Data quality tools are stuck in 2018. Here's what it looks like to validate a single column with the market leader:

# Great Expectations — 50+ lines before you validate anything
from great_expectations import get_context

context = get_context()
datasource = context.sources.add_pandas("my_ds")
asset = datasource.add_dataframe_asset(name="orders", dataframe=df)
batch_request = asset.build_batch_request()
expectation_suite = context.add_expectation_suite("orders_suite")
validator = context.get_validator(
    batch_request=batch_request,
    expectation_suite_name="orders_suite"
)
validator.expect_column_values_to_not_be_null("customer_id")
# ... and you're just getting started

This is insane. You need to understand contexts, datasources, assets, batch requests, expectation suites, and validators — just to check if a column has nulls.

The DuckGuard Way

from duckguard import connect

orders = connect("orders.csv")
assert orders.customer_id.is_not_null()

Done. No ceremony. No boilerplate. If you can write pytest, you can write DuckGuard.

Speed

DuckGuard is built on DuckDB, the fastest embedded analytics engine. This means:

Dataset Size Great Expectations DuckGuard
1 GB CSV 45 sec / 4 GB RAM 4 sec / 200 MB RAM
10 GB Parquet 8 min / 32 GB RAM 45 sec / 2 GB RAM

Why? DuckDB uses columnar storage, vectorized execution, and SIMD optimizations.

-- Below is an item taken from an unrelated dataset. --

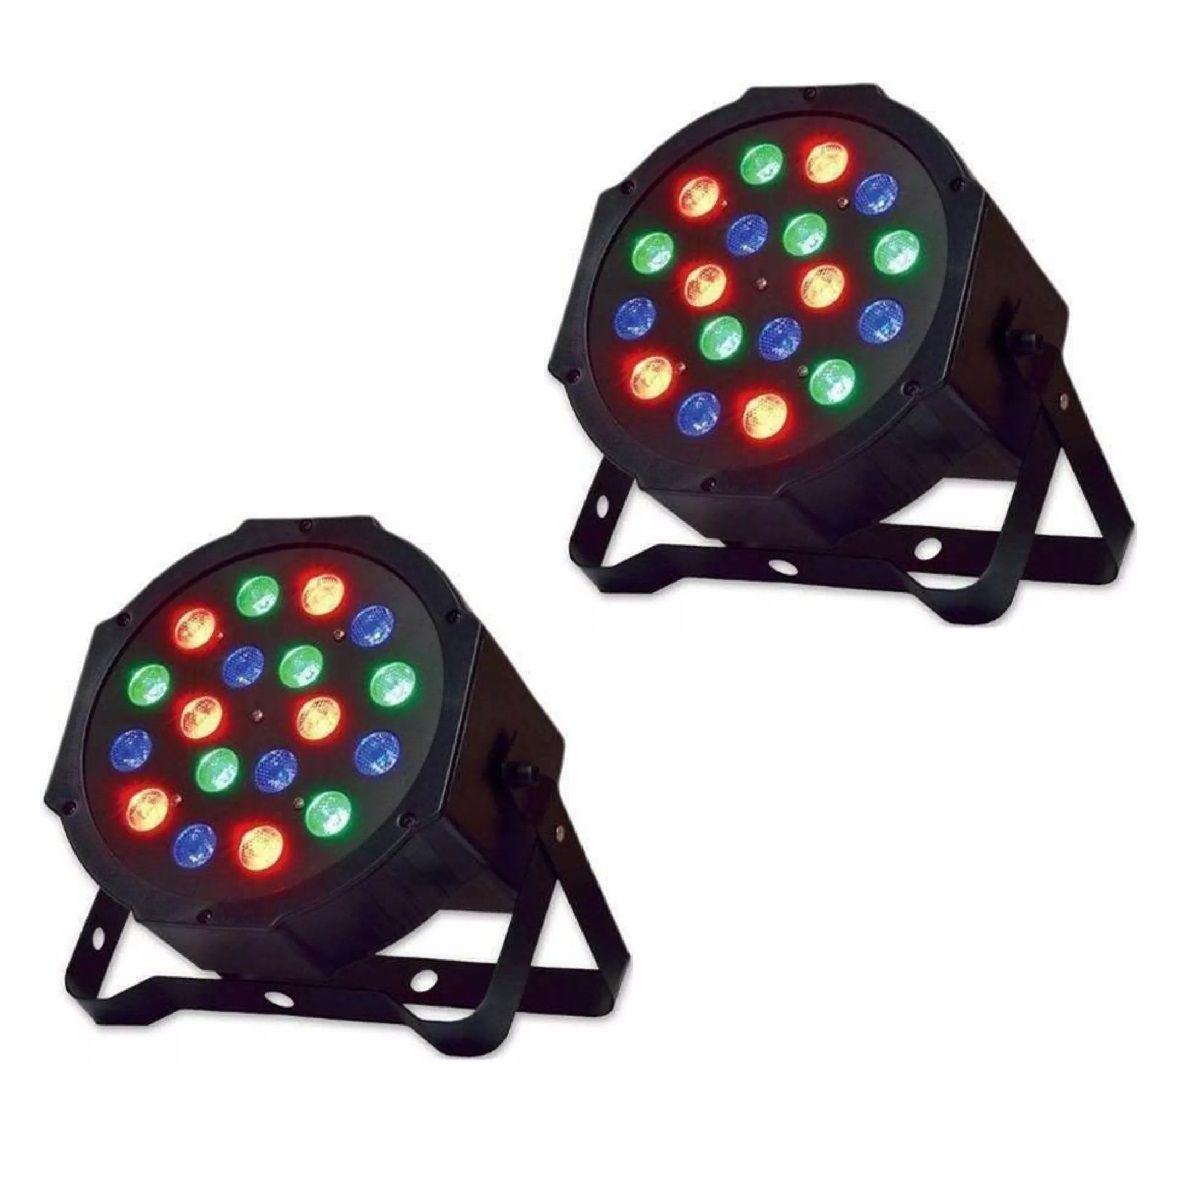 Kit 2x Canhão de Luz PAR 18 LEDs 1W RGB DMX Strobo Painel Digital

DuckGuard reads files directly — no loading into pandas, no DataFrame conversion, no memory explosion.

Feature Comparison

What you need DuckGuard Great Expectations Soda Core
Validate a column 1 line 50+ lines 10+ lines (YAML)
PII detection Built-in
Anomaly detection 7 methods Partial
Row-level errors Built-in Yes
Data contracts Built-in Yes
Conditional checks Built-in
Query-based checks Built-in Yes
Drift detection Built-in
Reconciliation Built-in
Quality scoring (A-F) Built-in
Learning curve Minutes Days Hours

Who Is DuckGuard For?

Data engineers who want validation that doesn't slow down their pipelines.

Analytics engineers who want data quality checks as readable as their SQL.

ML engineers who need to detect data drift before it breaks their models.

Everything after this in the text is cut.